What appeared as another monsoon rainfall on Saturday June 23, 2007 has turned out to be a deadly gale and rain storm.Karachi weeps after more than 200 lives are lost to fallen trees, billboards and electric poles. Highest impact of rainfall was found in Gadap Town where 800 houses perished and 22 died.

Putting salt to the injury electricity went down since Saturday afternoon and most areas were still without lights after 30 hours. People came on streets to protest, burned tyres, torched vehicles and pelted stones.

Fallen Trees (BBC)
While KESC throws the blame on natural calamity, Karachities are aware of KESC’s role in previous rainfalls. As happened last year (here and here), power went down as soon as first drop of rain poured down. While it’s true that in most areas billboards and trees tripped the wires down and electric poles were uprooted by the winds, KESC is not efficient enough to put things back to order even after 30 hours. Their customer service staff either put the phone on side or left their offices. People had to suffer in post-rain humidity due to inefficiency of KESC.

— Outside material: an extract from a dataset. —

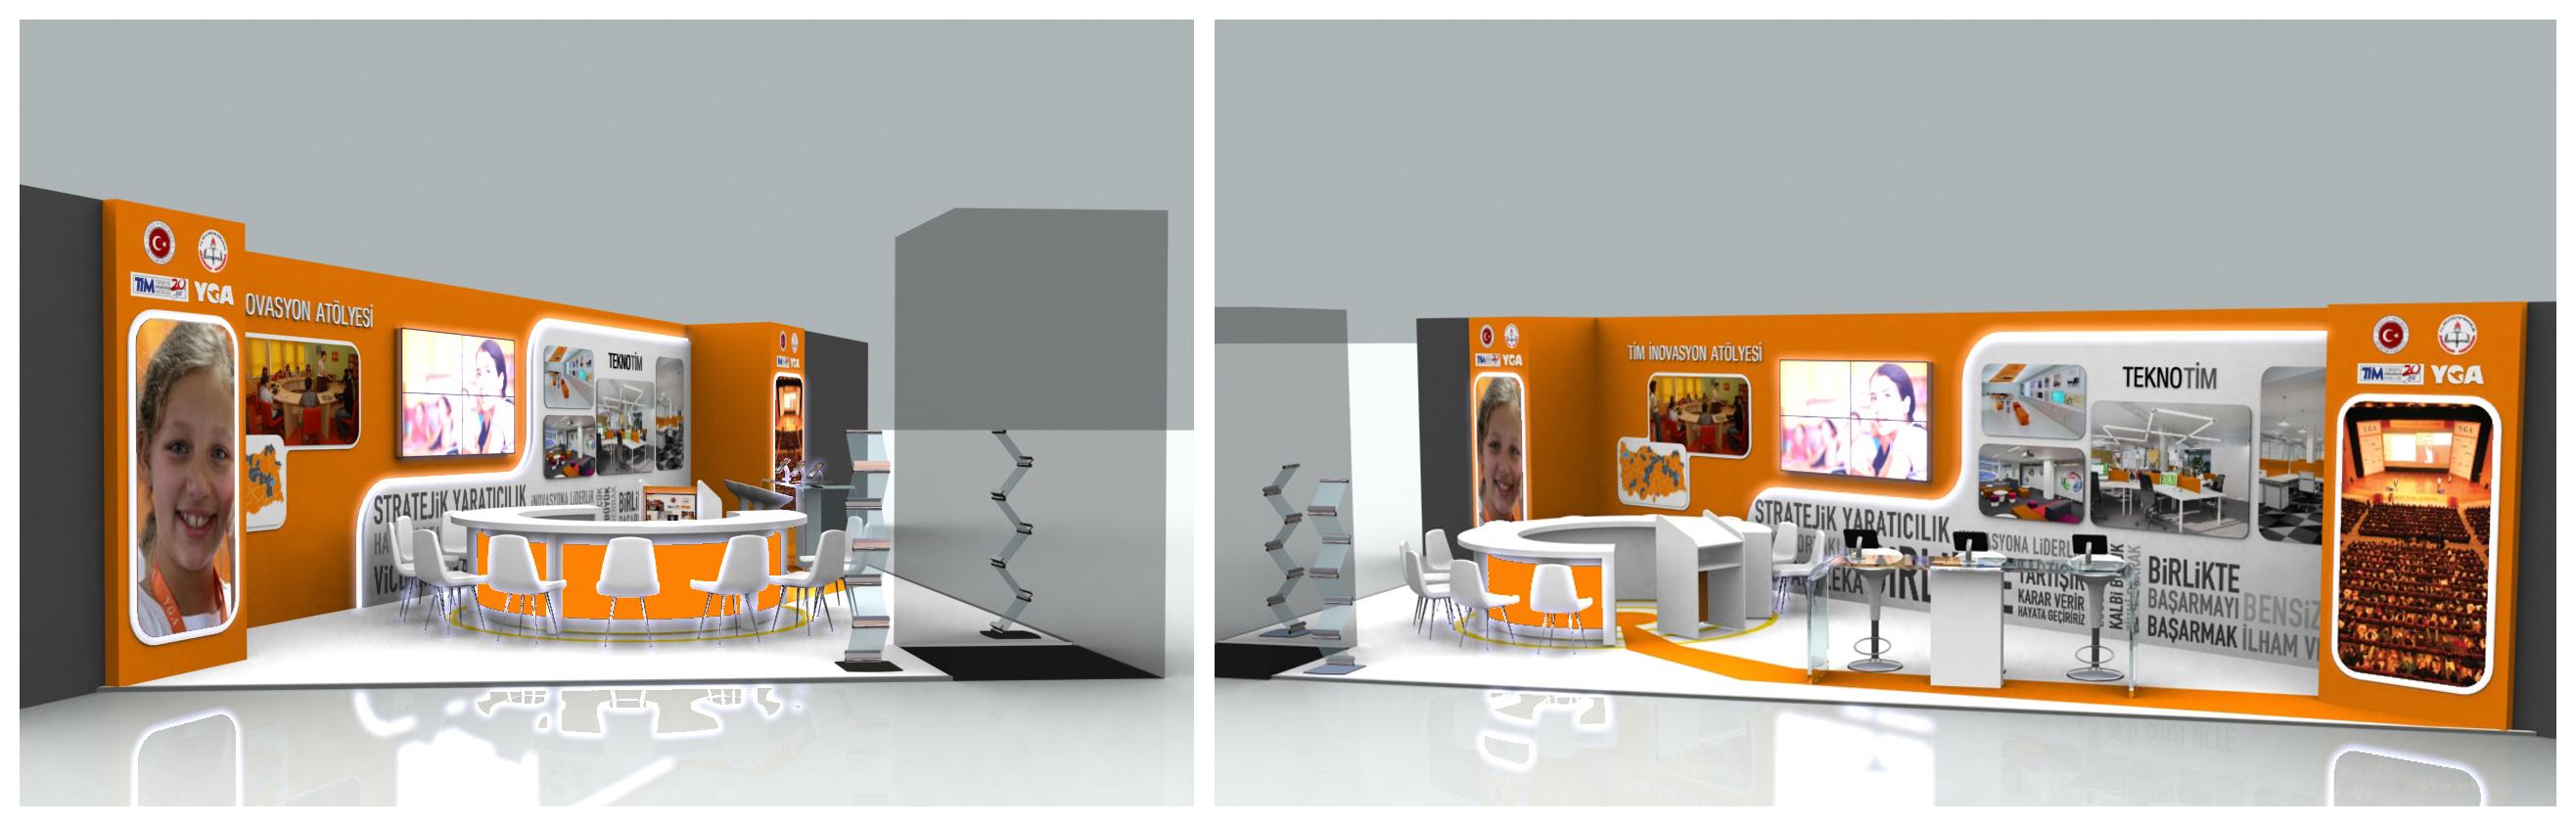 Exhibition Stand Etiquette : Yga exhibition stand d by griofismimarlik on deviantart

KESC should also be held responsible for deaths through electrocution. Unlike their claim against fallen billboards, electrocution is nothing new and dozens die during rainfalls each year due to electrocution caused by fallen wires. What sort of disaster management plan KESC had in this regard?

Fallen Bill Boards (BBC)
Questions are raised from all walks of life on giant sized, awkwardly placed billboards that played major role in the death toll. GEO asked the question to City Nazim Mustafa Kamal on which he stated that very small number of billboards fall in his jurisdiction and most of the killer billboards are in cantonment limits. One wonders what the Governor and Chief Minister has to say on this. Whether they feel morally responsible for the deaths or not.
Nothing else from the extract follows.